# Smelly Jelly and Such



## jwalker (Jan 3, 2012)

What are your favorite types of smelly baits, jellys, lotions or even homemade smelly baits? Which ones work best for what fish?

I've had a lot of great success with the baitfish Smelly Jelly Sticky Liquid with trout and perch. It's hit and miss but some times it makes all the difference between not a single bite and getting a ton of hits.


----------



## DallanC (Jan 13, 2009)

I make some homemade ones now... but I also use Baitfish Smelly Jelly along with Anise. I have some Shrimp but its terrible, skip that stuff. You should also look up the Pro-Cure scents, they have alot of neat types but its pricy stuff.


-DallanC


----------



## Ton_Def (Dec 23, 2008)

Eh. The scents are only as good as your faith in them. I use Pro Cure exclusively and only if I haven't had action and have tried everything else, which I usually catch something before resorting to the stink. In the summer and late ice, I use "Trophy Trout" flavor for trout, and it's pretty killer on Lake Trout trolling. I will occasionally use "Garlic Crawfish", for most anything if it's reeeeallly slow, just don't use it an enclosed tent!


----------



## k2muskie (Oct 6, 2007)

Just spit on the offerings...you'd be surprised what that'll do...I spit on my knot and lure and boated a PB in 2011 haven't told anyone that till now...so there you go...but hey more fishing stuffage catchs anglers than fish is what we see and we do fall victim to that being 'victim' to fishing lures, gizmos and all them pretty colors to our eyes...  

A truly amazing Mama Nature species including a speciex with the brain maybe the size of a piece of corn makes us spend so much time pondering and $$$$$$$$$$$$$$$$$$$$$$$$$$$$$$...**** them -O<- -O<- !!!!! Spit on the lure and see what happens is my recommendation... :mrgreen: :mrgreen:


----------



## wyogoob (Sep 7, 2007)

Smelly Jelly in blue, for my kokanee terminal tackle.

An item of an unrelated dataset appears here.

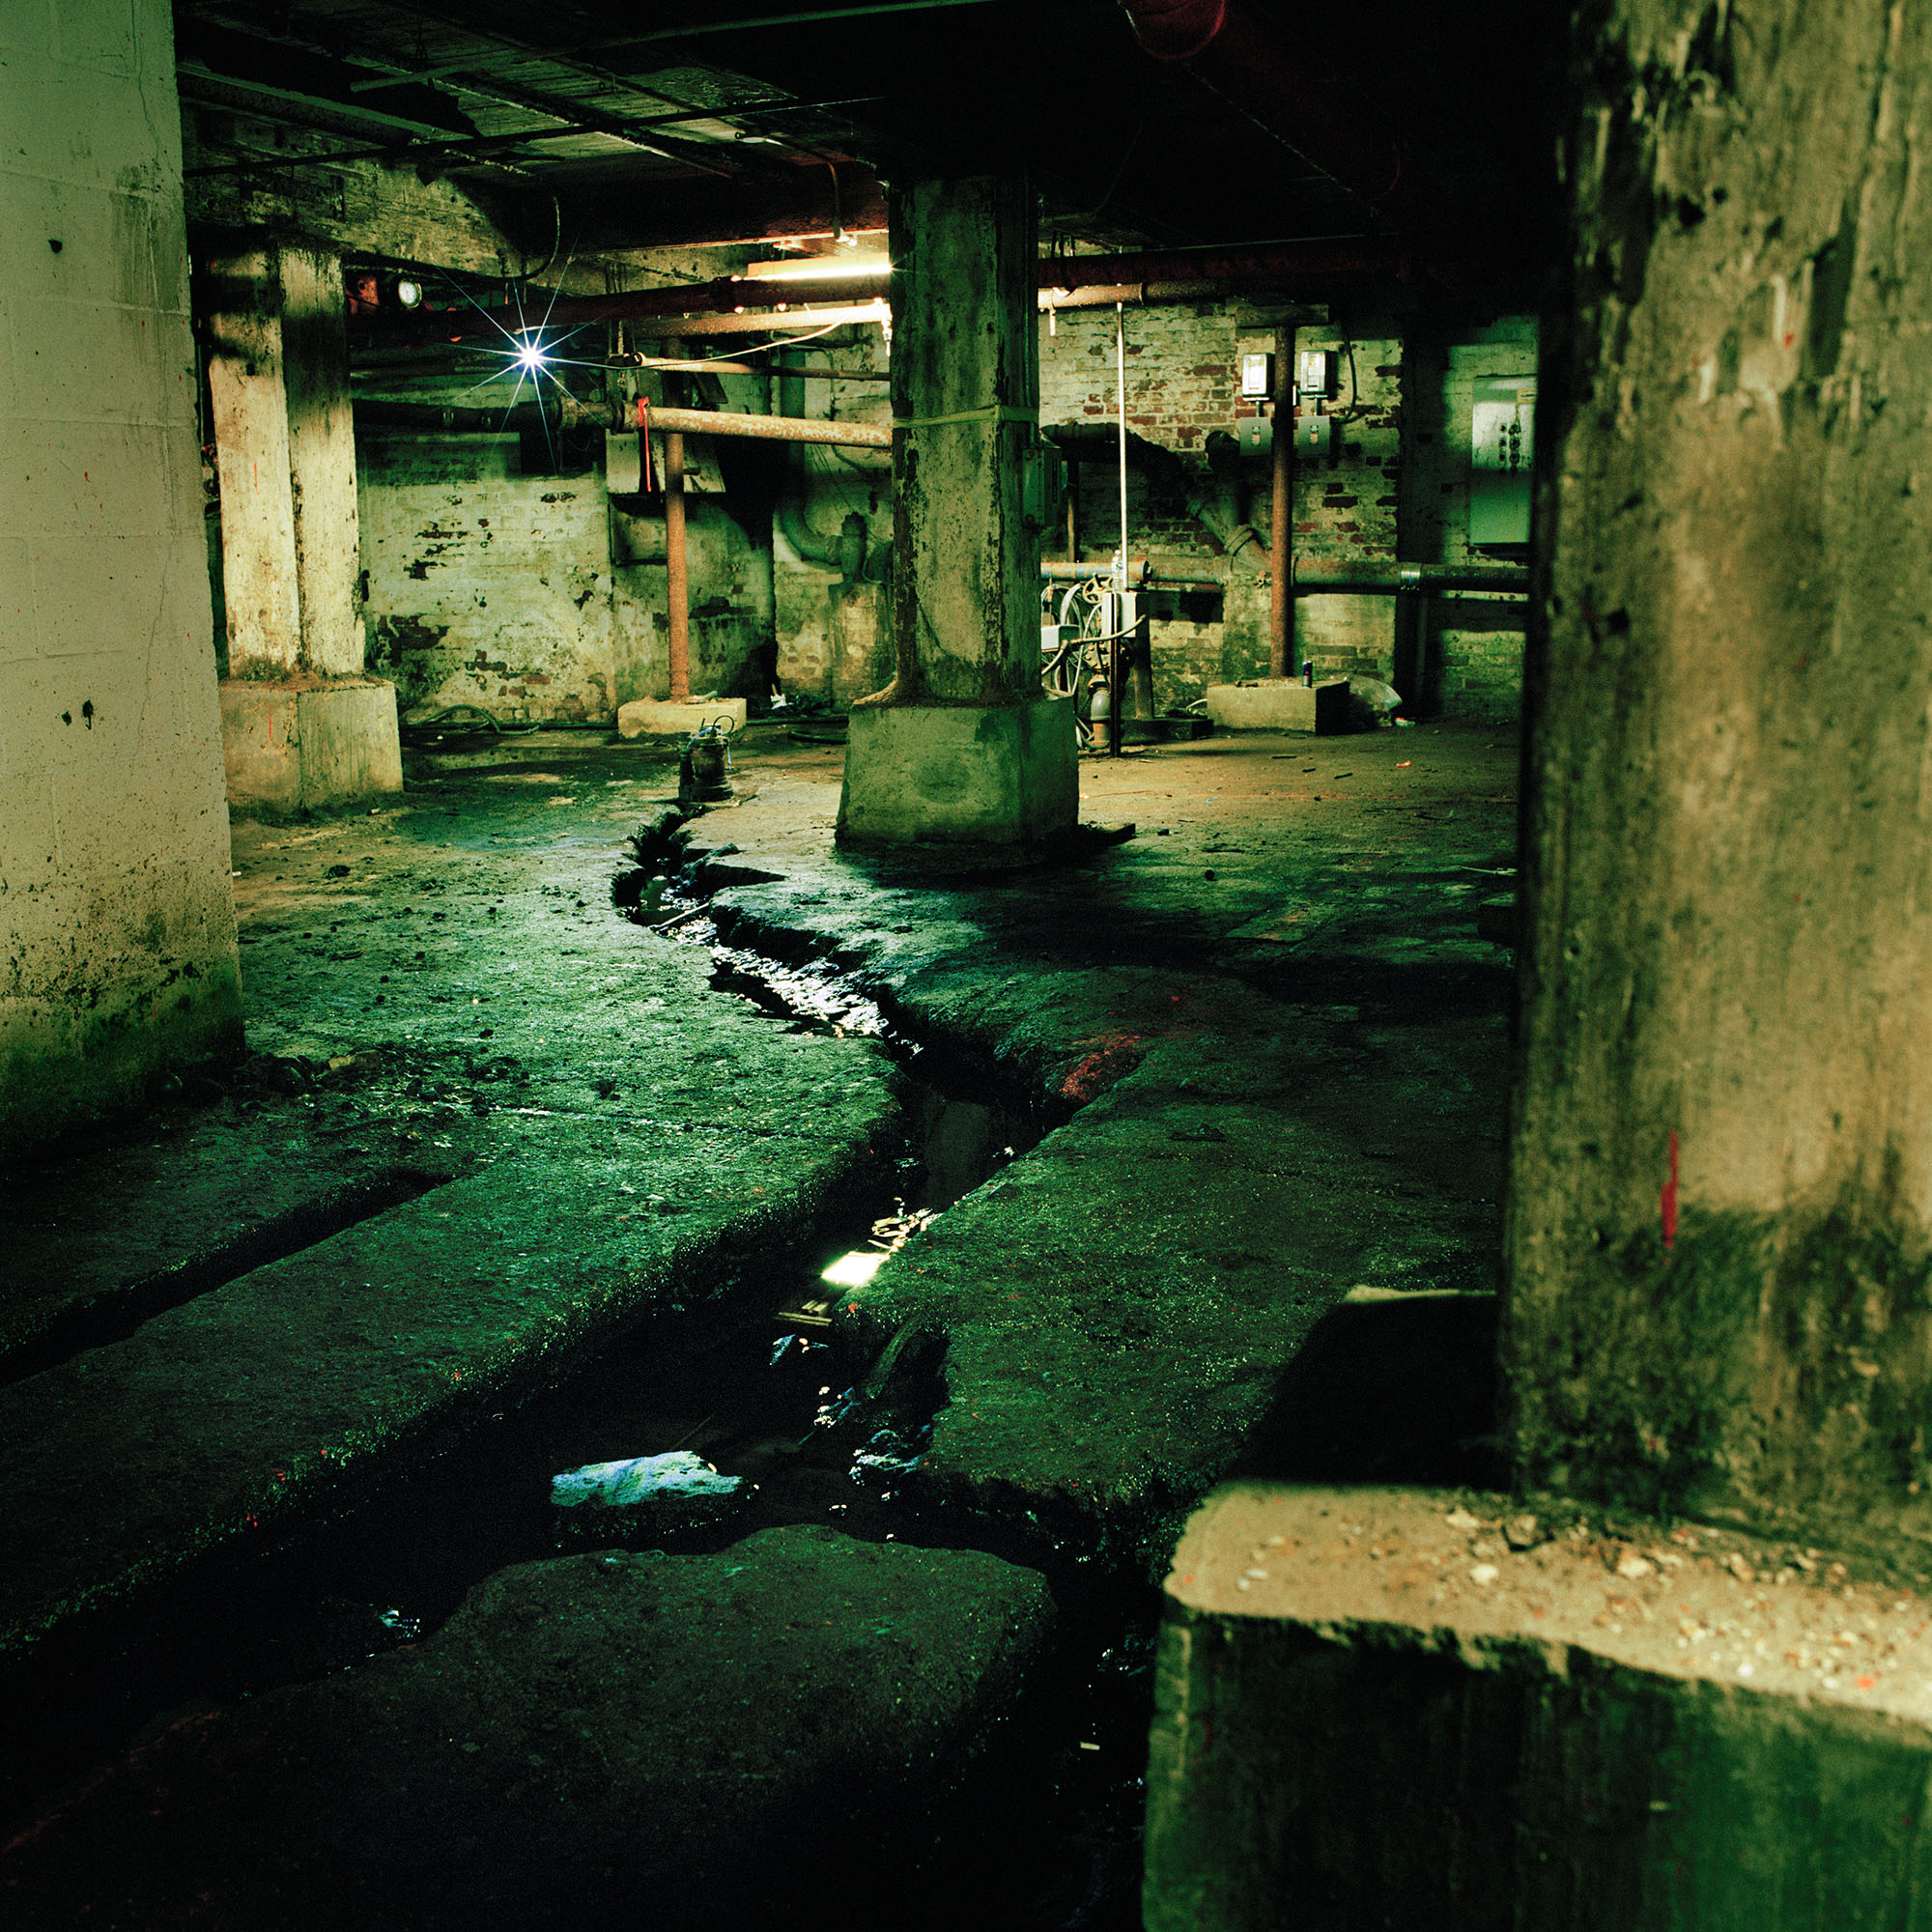 union_basement_01_2000.jpg
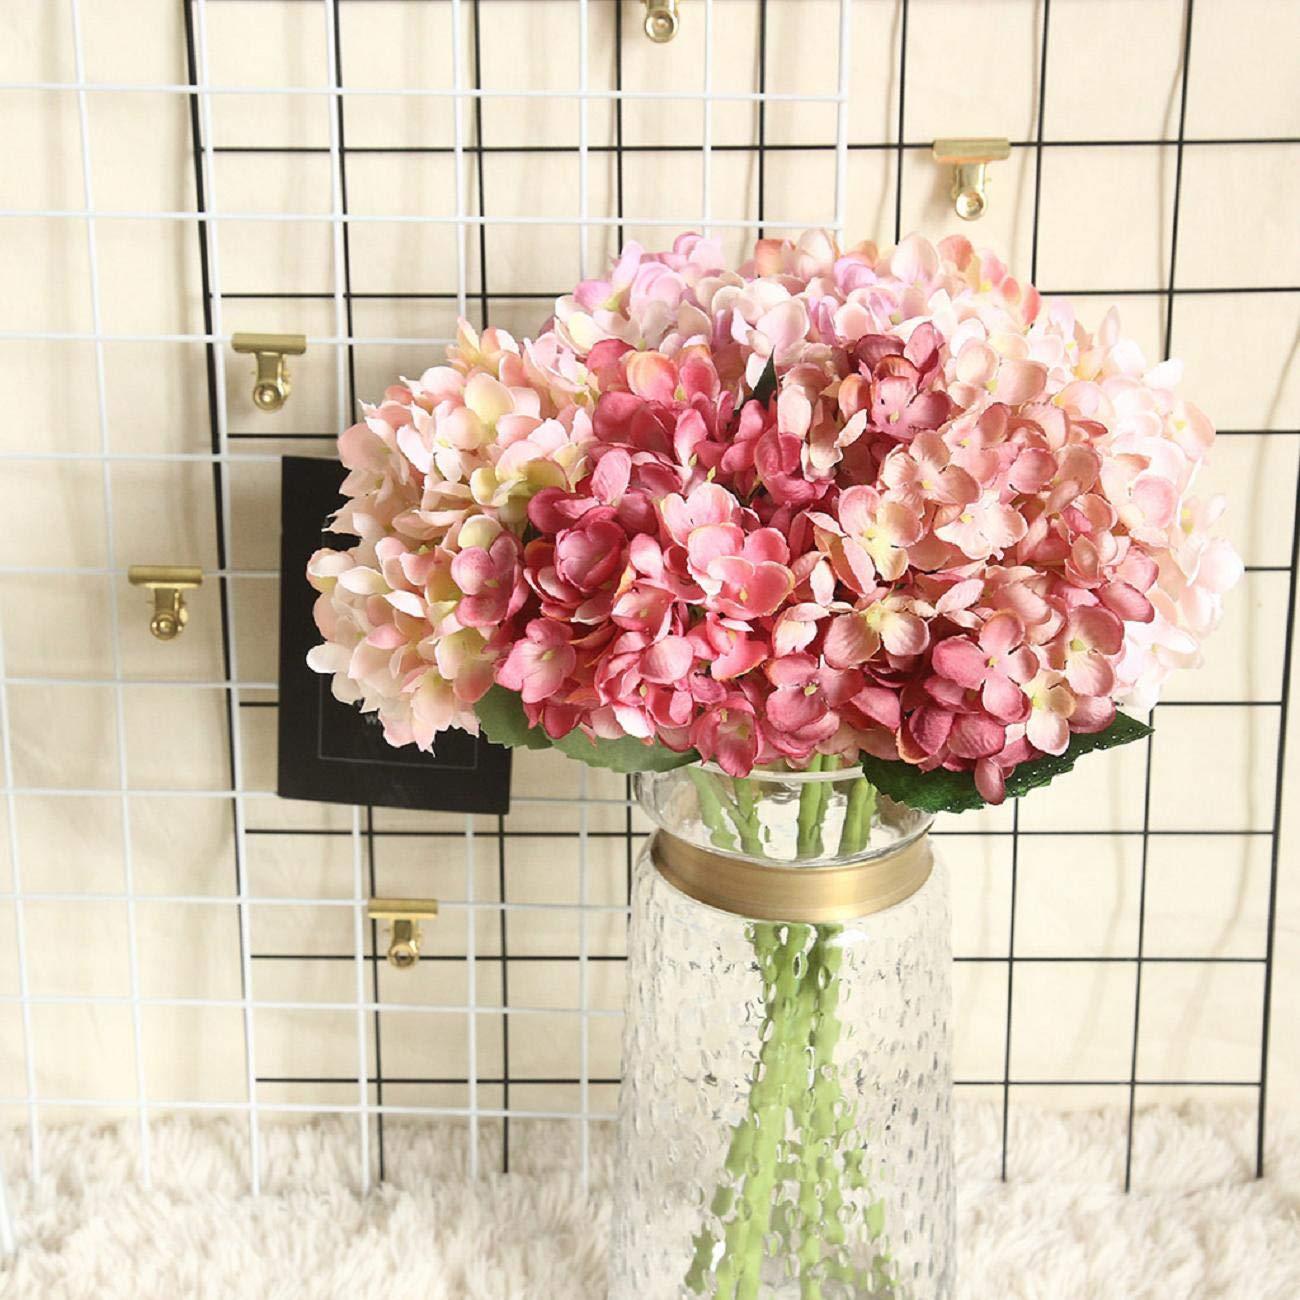 Lomsarsh Flor Artificial Flor de Hortensia Falsa Flor de Seda Falsa Hogar Hotel Oficina Banquete de Boda Jardín…

Crawfish Smelly jelly for small mouth and lake trout.


----------



## americanforkdude (Sep 13, 2007)

I'm like Ton_Def. I usually only resort to them if nothing else is working. I do like using crawdad smelly jelly if there is no bite. I haven't had much luck with anise. My fishing buddy makes scents and baits and his usually get my vote. He has some liquid scents that are killer.


----------



## hardman11 (Apr 14, 2012)

just plain old garlic oil and anise flavoring or bannana


----------